And the A/FX set is a Transition Set. Randy. :thumbsup:


----------



## ParkRNDL (Mar 20, 2002)

thanks, Randy... i had a feeling that Cobra was a good find...

and it's good to see you all too, Bill! looking forward to catching up on back posts of Model Murdering...

--rick


----------



## clausheupel (Jan 27, 2005)

*Hey Rick,...*

...really great to see you here back again!!! :wave:

And my sincerest congratulations on your fleamarket and yardsale finds - I myself still didn´t give up hope, but other than a beat up Faller car every now and then I don´t have much luck... 

Greetings from Germany,

Claus


----------



## kilo (Apr 18, 2008)

hi all, i just got into this hobby some 10 months or so ago, and really havent had time to set up a proper track yet. but, i have been collecting alot of stuff. check out the pics for some of what i've found mostly locally.

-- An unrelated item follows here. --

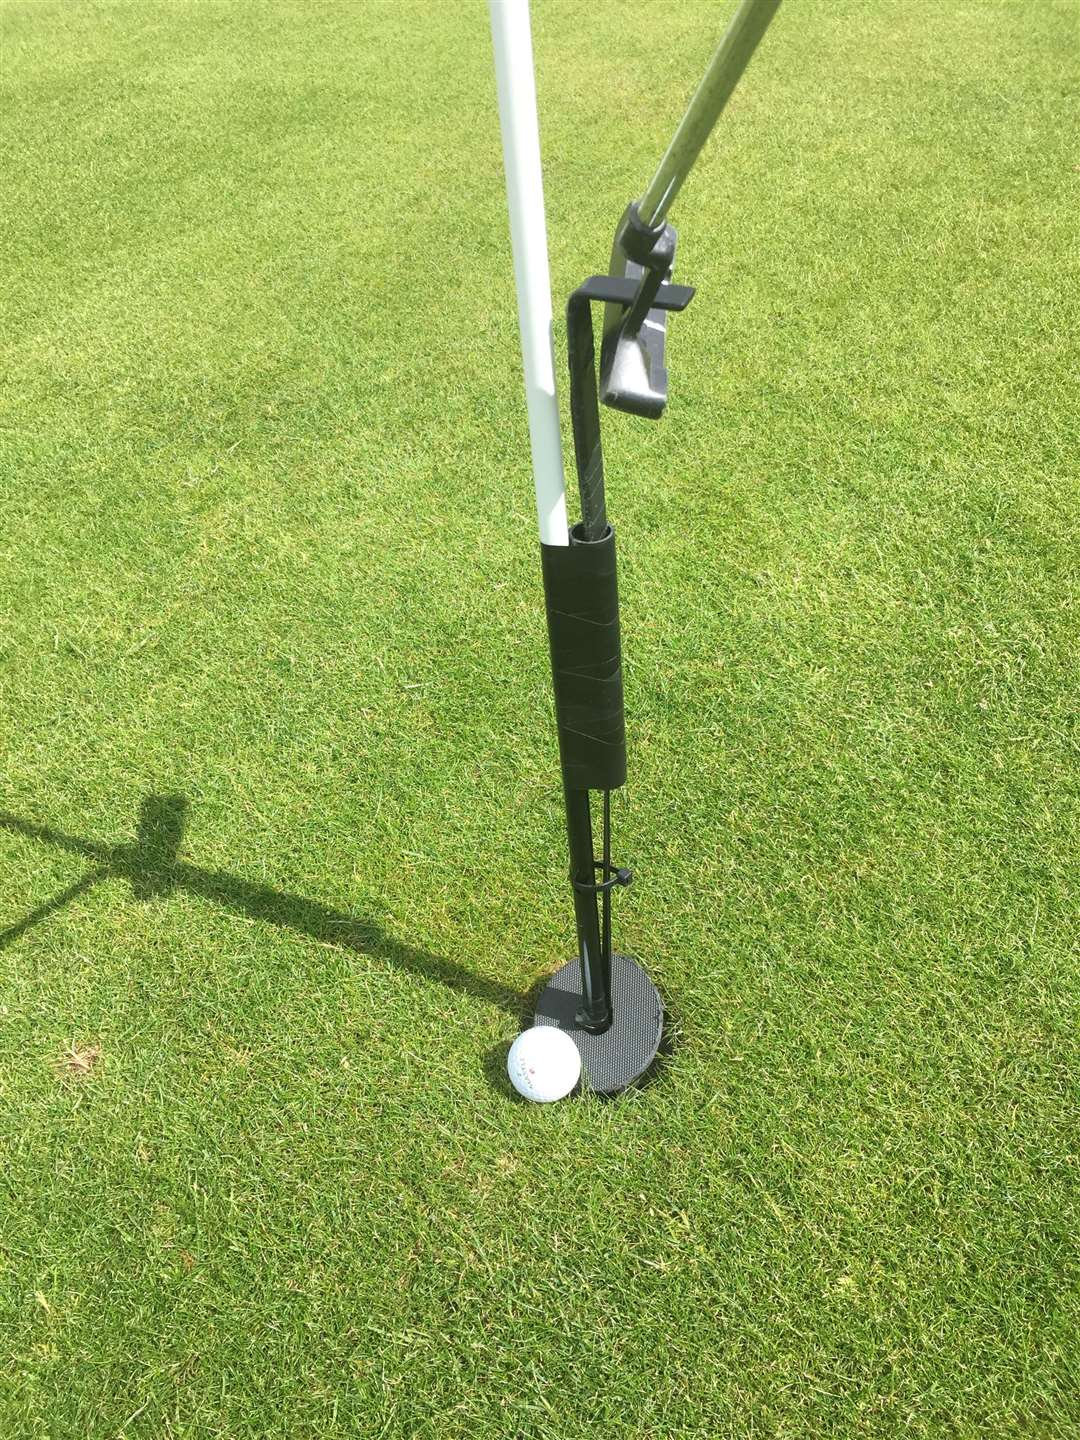 A close-up of the new golf ball lifter designed by Hunter's Promotions Ltd, and gifted to the four Caithness golf clubs as well as Durness.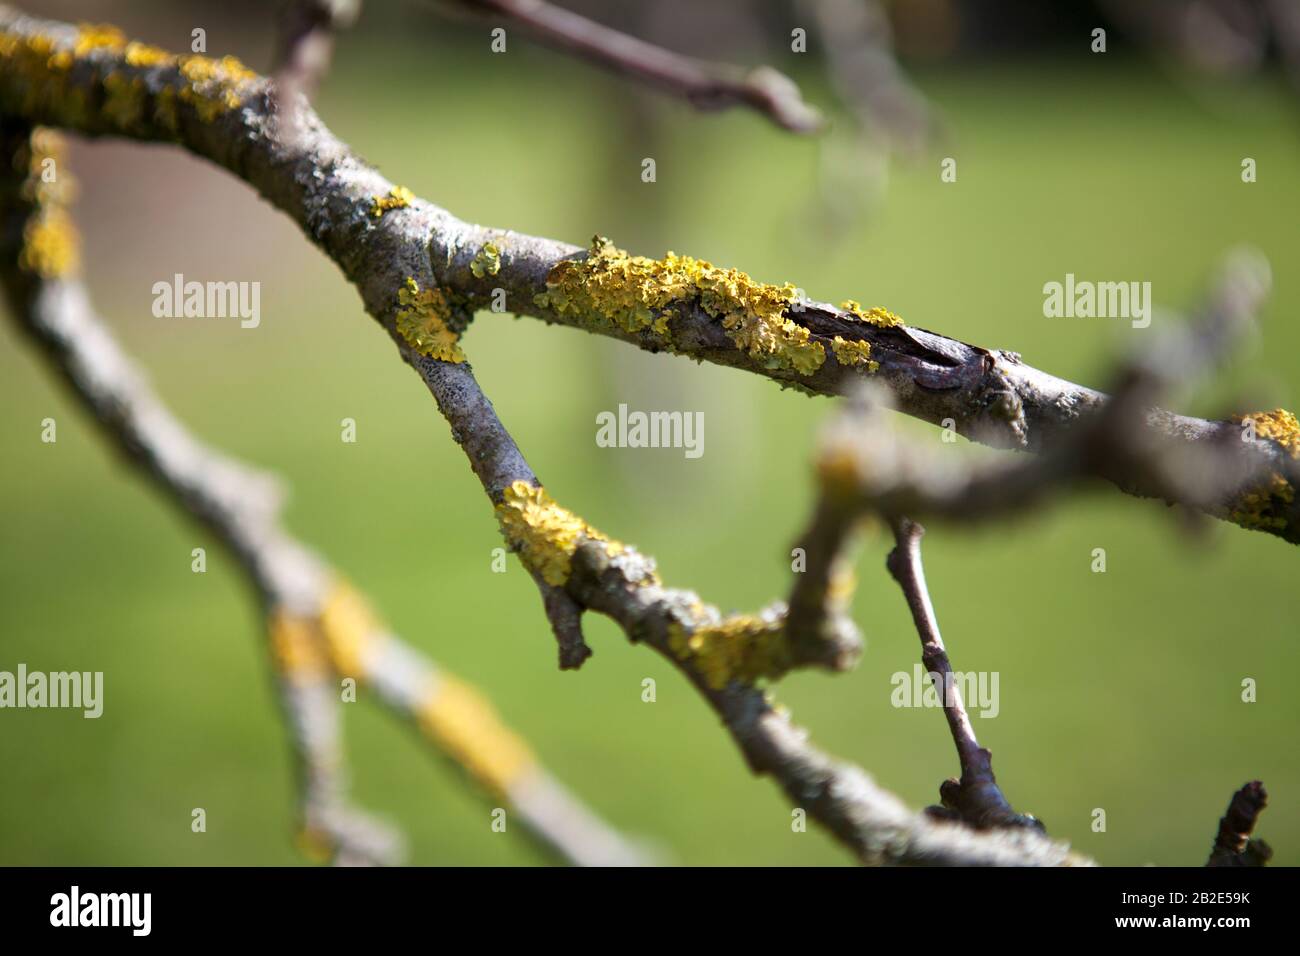 An apple tree close up, showing the lichens growing on the branches Stock Photo

continued next..............


----------



## kilo (Apr 18, 2008)

....continued from above:

































































i just wanted to share a bit of what i've picked up. and it also goes to show that there is still plenty of vintage stuff that has yet to be dug up. thanks for the space.

--mike.


----------



## grungerockjeepe (Jan 8, 2007)

Hey Kilo...NICE haul you got there. Where are you going to pick all this up? Im not that far from you (PDX) and Id like to know where the fertile slot hunting grounds here in the Pac NW.


----------



## roadrner (Jul 21, 1999)

Kilo,
You keep collecting stuff, you won't have any room for a track/table. Good haul!  rr


----------



## flyingpatricio (Nov 7, 2008)

*Finally got them unpacked! My T-jets*

I'm building an 8'x8' "L" table in the basement and I'm busy tuning up motors while watching the tube...won't be long.


----------



## thunderjetgene (Apr 1, 2004)

I hate those guys... ( - ;


----------



## ScottD961 (Jan 31, 2008)

thunderjetgene said:


> I hate those guys... ( - ;


HA HA HA Yeah doesn't it just make ya sick !?? LOL Nice haul guys ,enjoy 'em !:thumbsup:


----------